July 2023 expected to be hottest month on record


The World Meteorological Organization announced last week that July 2023 will likely be the Earth’s hottest month on record, breaking an average surface air temperature record set in August 2016. According to data from the Copernicus Climate Change Service, the first three weeks of July have been the hottest three-week period recorded in modern history.

In central Indiana, the average high temperature in July 2023 is 85.4 degrees Fahrenheit, while the average low is 66.9 degrees Fahrenheit, according to the National Weather Service. These temperatures are a decrease from last July’s averages, however. The National Weather Service reported the average high in July 2022 was 87.1 degrees Fahrenheit, while the average low was 69.0 degrees Fahrenheit.

Still, the Climate Prediction Center reported Indiana has a 40% to 50% probability of experiencing temperatures above normal in the next three months.

[Related: Extreme temperatures, climate predicted for Indiana]

According to WMO, the average surface air temperature for the first 23 days of July was approximately 16.95 degrees Celsius, or 62.51 degrees Fahrenheit. This average is above the previous warmest month, July 2019, which recorded an average global mean surface air temperature of 61.934 degrees Fahrenheit. The highest daily global average surface air temperature this month was reached on July 6 at 62.744 degrees Fahrenheit.

In addition to record-breaking global surface air temperatures, WMO also reported the Earth experienced above-average global sea surface temperatures.

In their announcement, the WMO warned that the Earth will likely see more record-breaking temperatures in future years. According to a WMO press release, there is 98% chance that at least one of the next five years will be the warmest on record.

In the press release, WMO Secretary-General Petteri Taalas said human caused greenhouse gas emissions is the main cause of the high temperatures.

“The extreme weather which has affected many millions of people in July is unfortunately the harsh reality of climate change and a foretaste of the future,” Taalas said in the release. “The need to reduce greenhouse gas emissions is more urgent than ever before.
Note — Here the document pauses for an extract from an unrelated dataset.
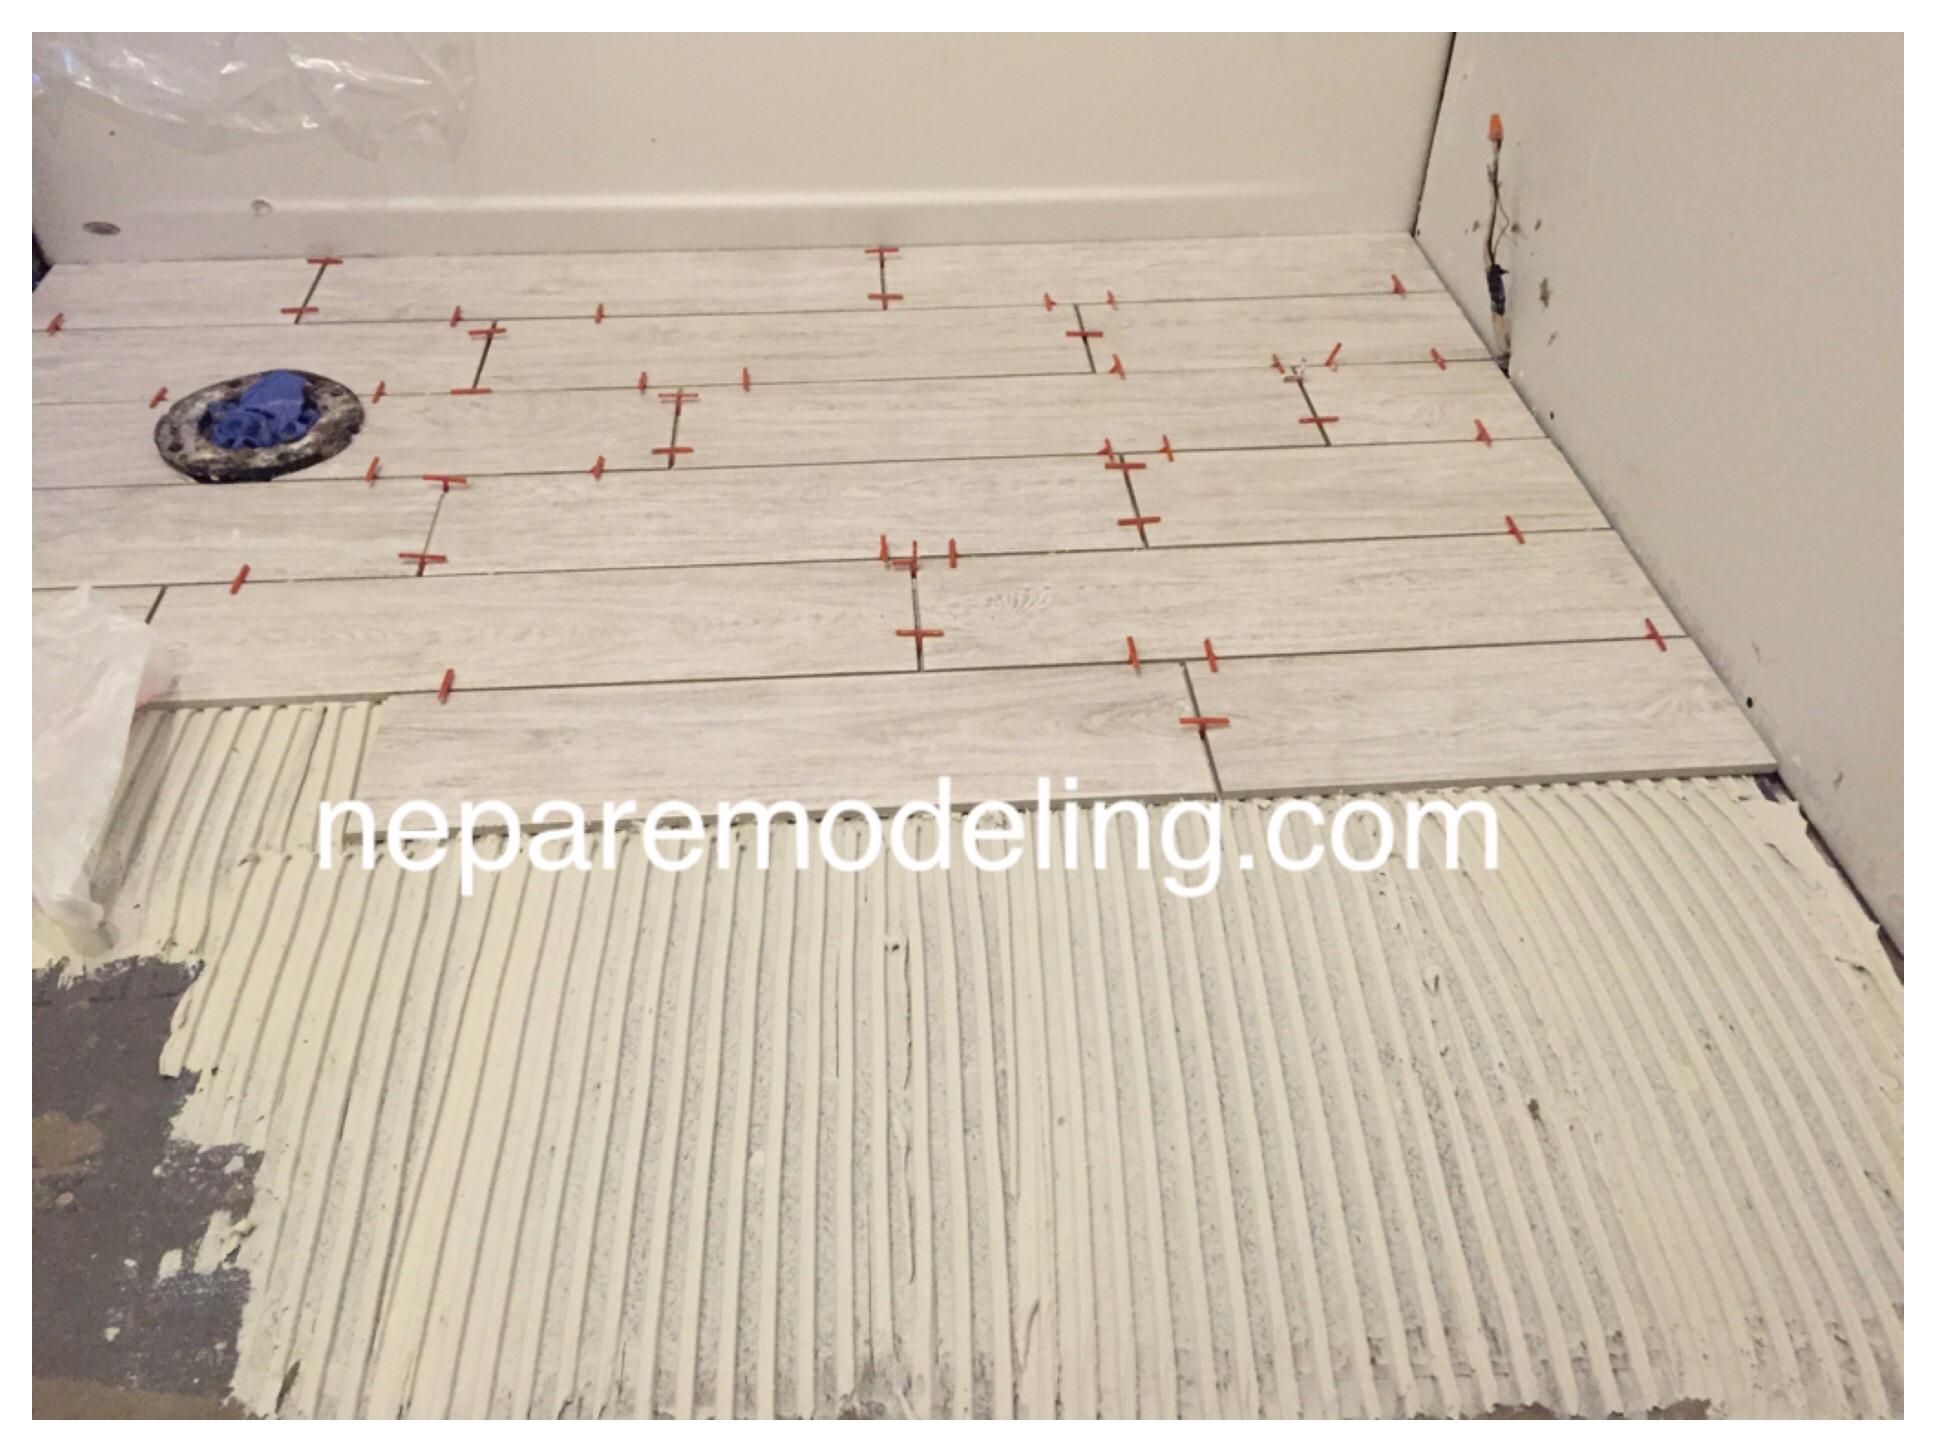 "6""x24"" porcelain floor tile installation."

Climate action is not a luxury but a must.”

[Related: Green energy sees gradual growth in Indiana bolstered by the Inflation Reduction Act]
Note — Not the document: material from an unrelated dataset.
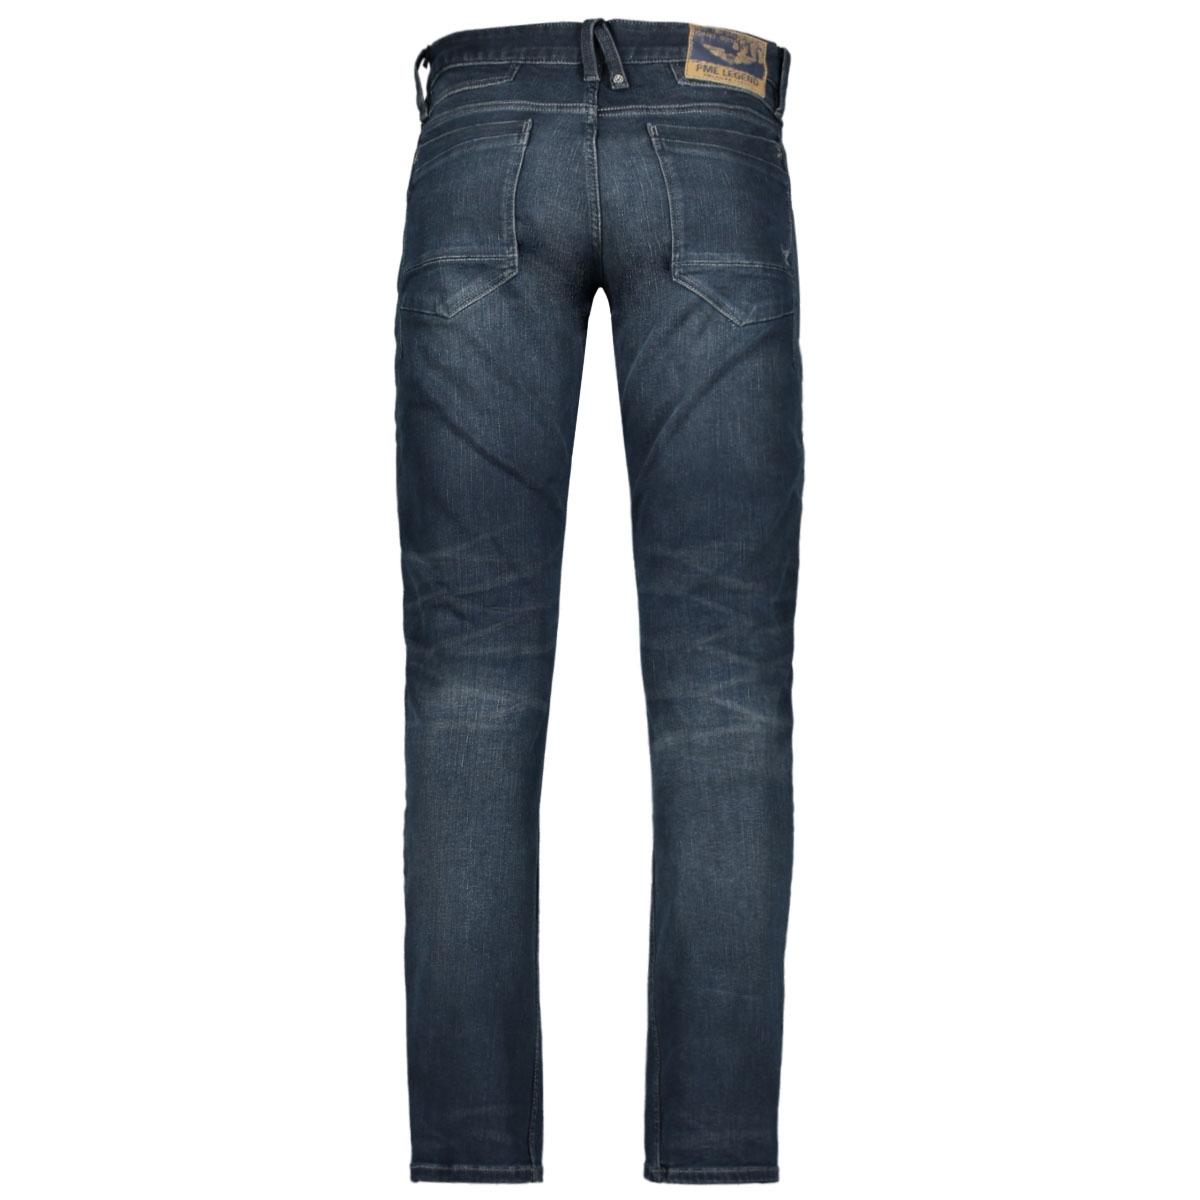 curtis ptr550 pme legend jeans mood indigo dark

Experts also point to the weather phenomenon “El Niño” as a major contributor to the rising temperatures this summer. El Niño is a climate pattern that pushes warm water against the West coast, consequently causing rises in temperatures and flooding in coastal and southern states, according to the National Oceanic and Atmospheric Administration. El Niño also commonly causes a dry climate in northern U.S. states.